According to the Center for Disease Control’s Agency for Toxic Substances and Disease Registry Public Health Assessment for Camp Lejeune, “One million military and civilian staff and their families might have been exposed to the volatile organic compound-contaminated drinking water during a 30-plus year period. However, because during the early 1980s these contaminants were unregulated, base officials took relatively few drinking water samples to measure chemical contaminants at the base’s water treatment plants; therefore, the extent and duration of exposure was unknown.”

Three years ago, Rohleder and Tricia received a packet in the mail disclosing that there was contaminated drinking water at Camp Lejeune during the time he lived there with a list of deadly diseases potentially caused by exposure. Rohleder’s mother died of colon cancer at 60, and his father has been surviving multiple cancers for the past two decades.

They sent a claim in to the military and it was sent back requesting more proof of residency, even though the Rohleders sent in a copy of Rohleder’s birth certificate and dates and addresses of where he had lived on the base. According to the family, they don’t know anyone who has received compensation for the deadly diseases caused by the contaminants.

The Rohleders, along with many others, have been looking to the military to take active responsibility for the contaminated water and financially compensate those affected, both with their medical expenses and treatment, as well as for those who have already lost a loved one due to one of the deadly diseases caused by exposure.

According to The Dana Farber Cancer Institute, BPDCN is a rare, aggressive disease of the bone marrow and blood cells typically diagnosed in people between 60 and 70 years old. There are few effective treatment options, and with a wide range of symptoms and little data, BPDCN is frequently misdiagnosed and underreported. It decreases the red blood cells, white blood cells, and platelet counts in the body and can evolve to the bone marrow and spleen. Symptoms vary but include skin lesions, enlarged lymph nodes, fatigue and stomach pain.

Director of BPDCN Center at the Dana Farber in Boston, physician Andrew Lane, is administering Rohleder’s treatment. According to a letter Lane wrote on behalf of Rohleder, “He may have been exposed to toxins in the drinking water, including benzene, trichloroethylene, tetrachloroethylene, dichloroethylene, and vinyl chloride. Some of these chemicals are associated with an increased risk of cancer, including leukemia. In my opinion, it is possible that these exposures could have contributed to his current disease. The VA Hospital does not offer any known cure for this type of leukemia, nor the experimental drug that has proved the most successful.”

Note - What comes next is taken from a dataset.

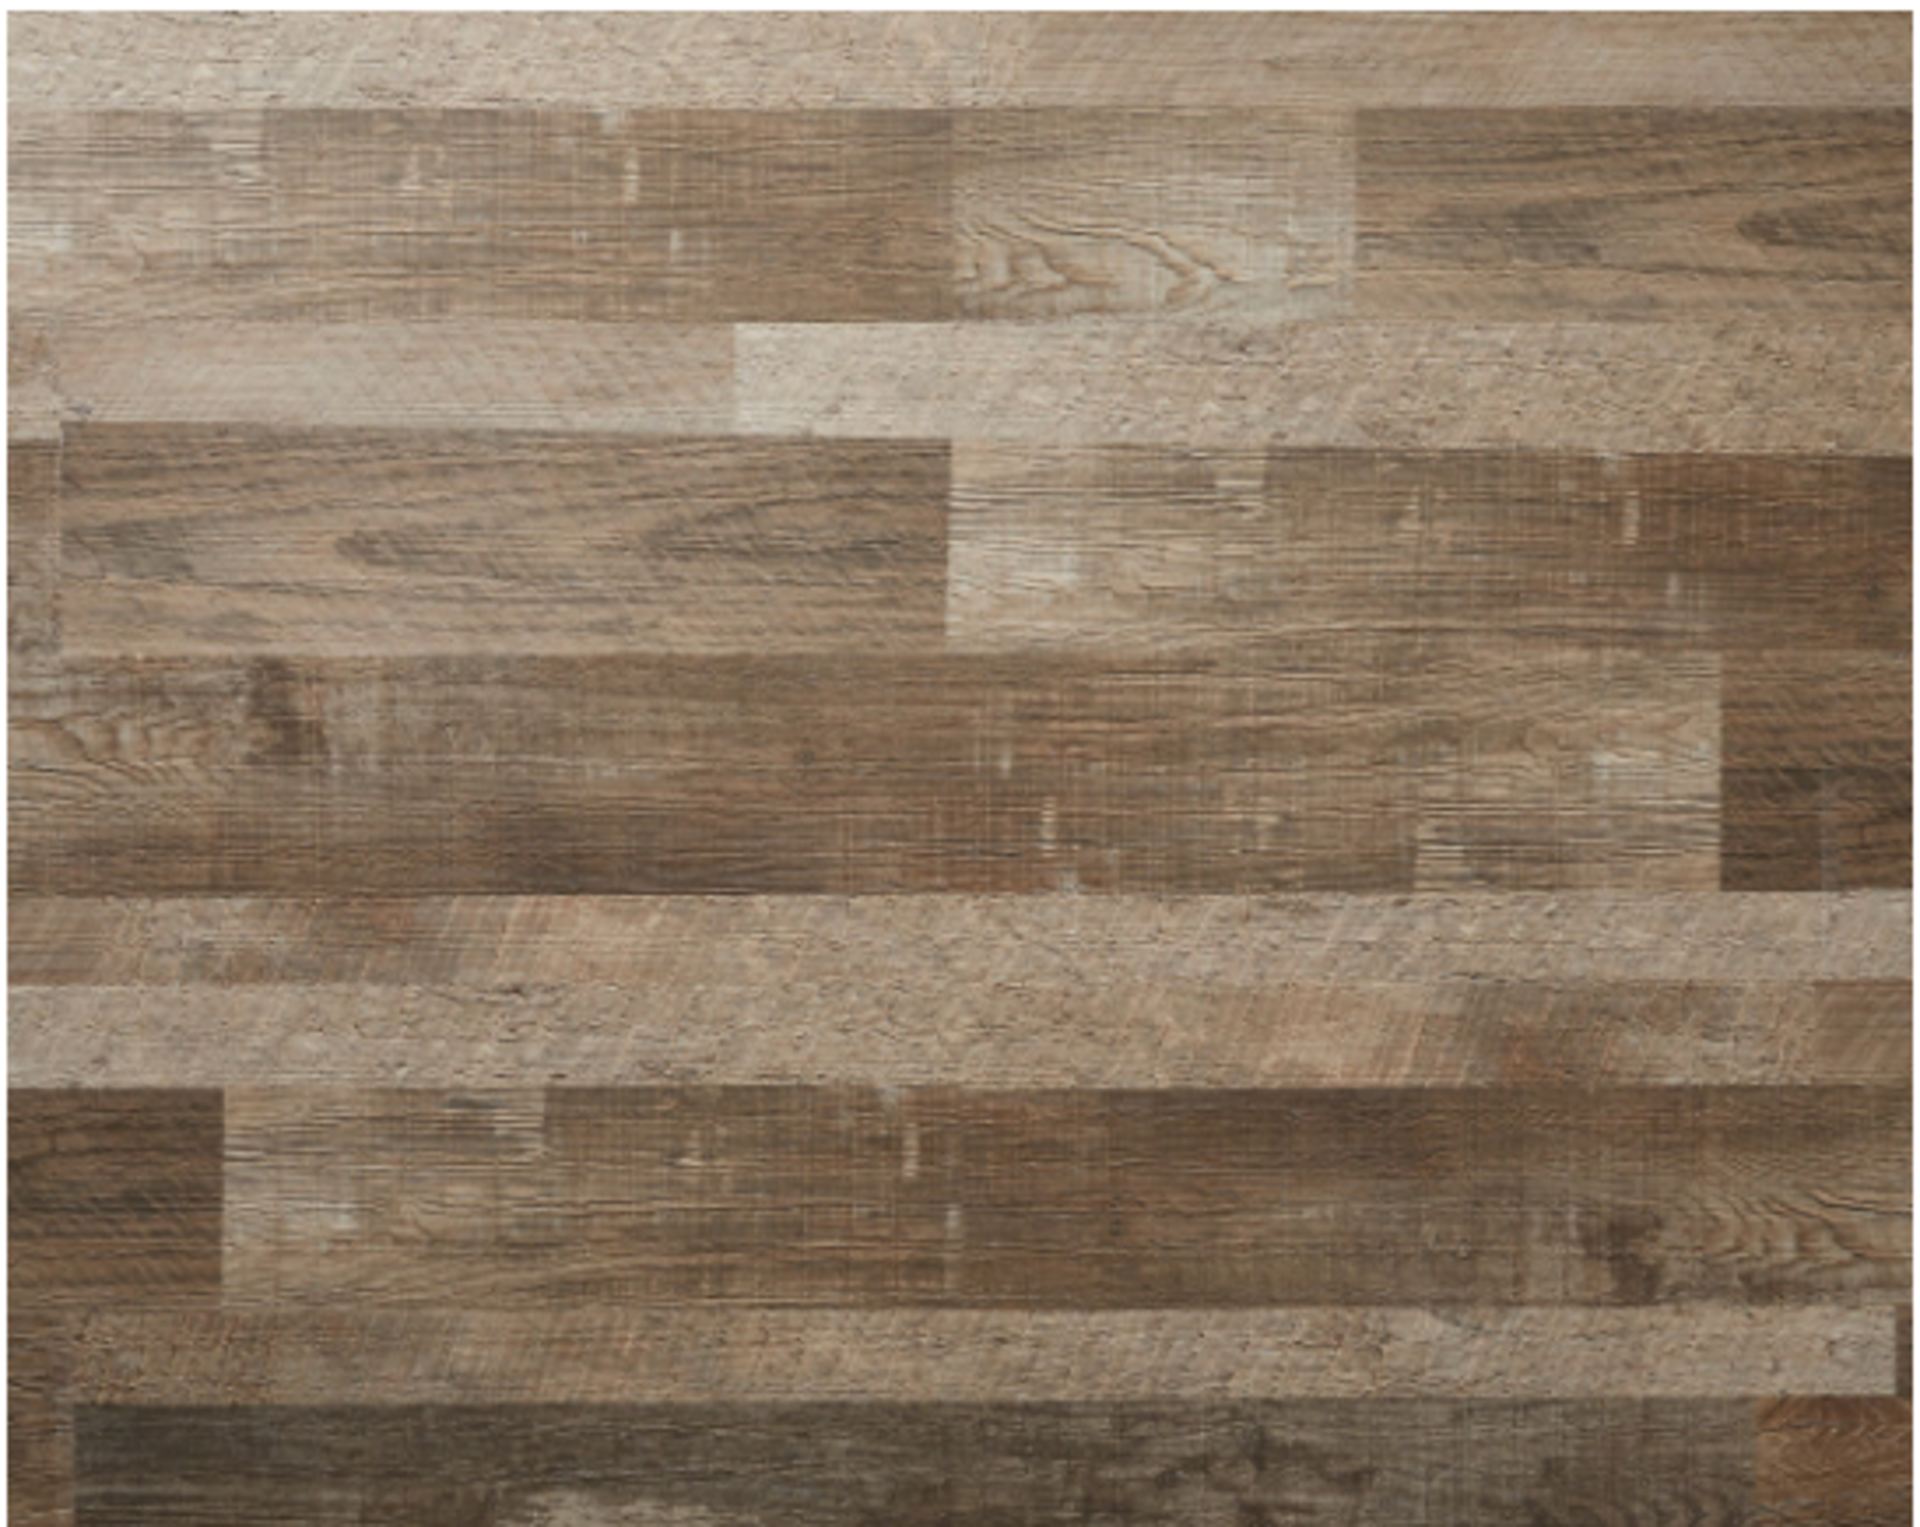 PALLET TO CONTAIN 138.24m2 OF BACHETA LUXURY VINYL CLICK PLANK FLOORING. MULTI-PLANKS BROWN. EASY TO - Image 2 of 4
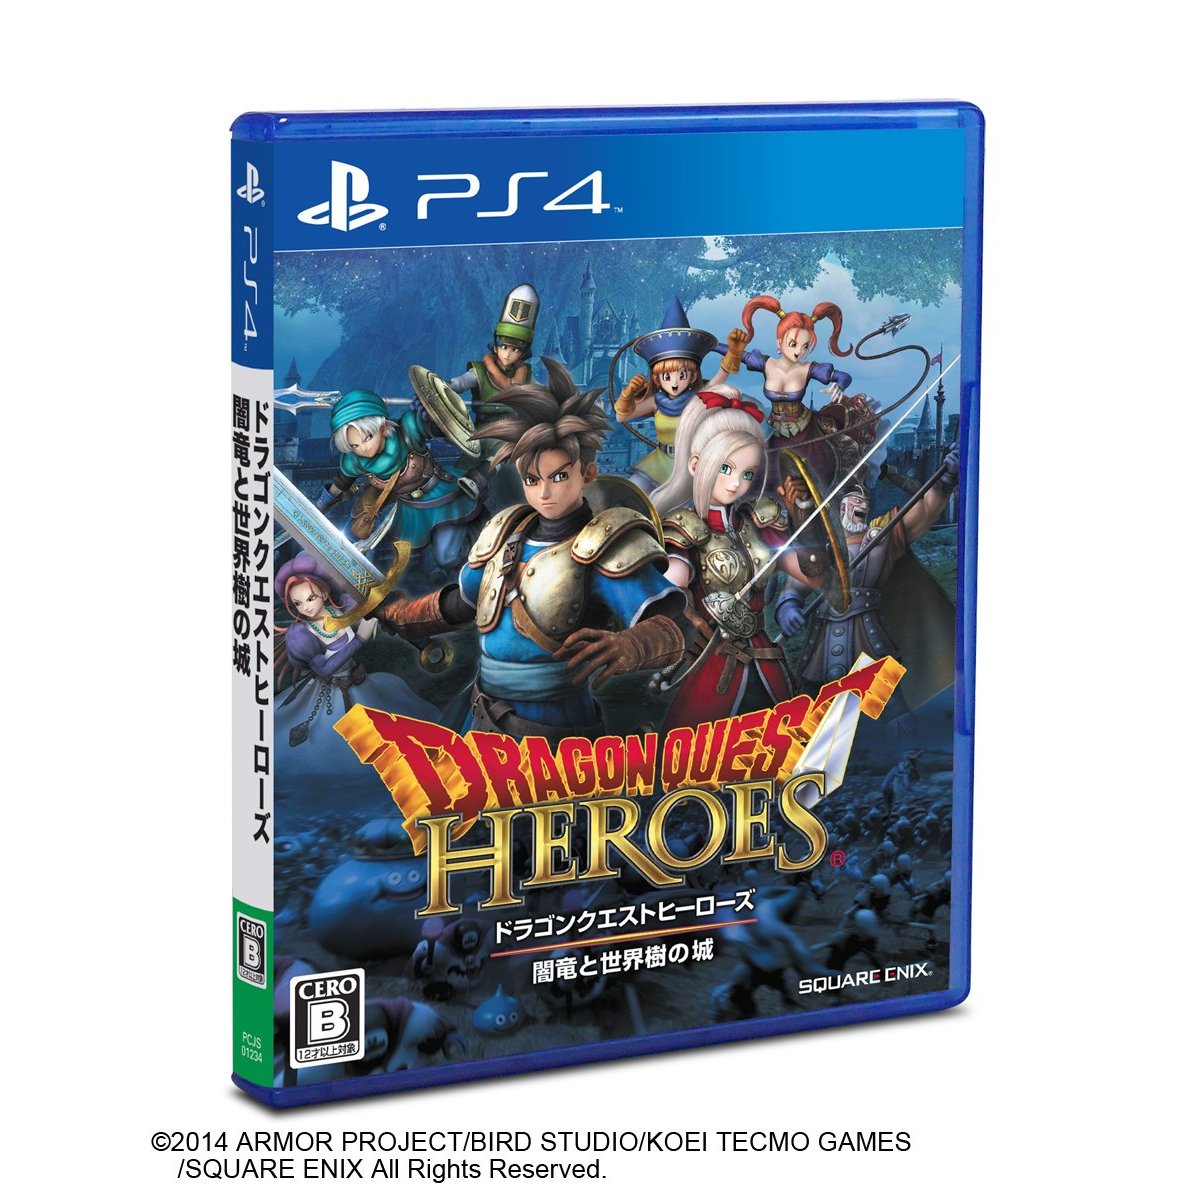 Playstation 4 News: DRAGON QUEST HEROES announced for the West ...

Rohleder started the first phase of treatment, SL401, in May, which is experimental and in its third leg trial before the FDA reviews it for approval. After that, he had full-body radiation, and then a stem-cell transplant where his immunity was eradicated and replaced by his sister’s, who was his donor. Now, he has her immunity.

“In Boston, they’ve treated the most people with BPDCN, and they’ve saved one person. We are planning on my husband being the second,” Tricia said.

Although Rohleder is not part of any support groups he said he certainly has support. “I have a lot of support from my wife and I rely greatly on her. She’s my rock and we both rely on family,” Keith said.


If You Go…

Rally for Rohleder will be held from 1 to 5 p.m., Sunday, April 15, at Classics V Banquet Center, 2425 Niagara Falls Blvd., Amherst, NY 14228. Admission is $20.

There will be food and refreshments, entertainment, theme baskets, specialty raffles and 50/50 split.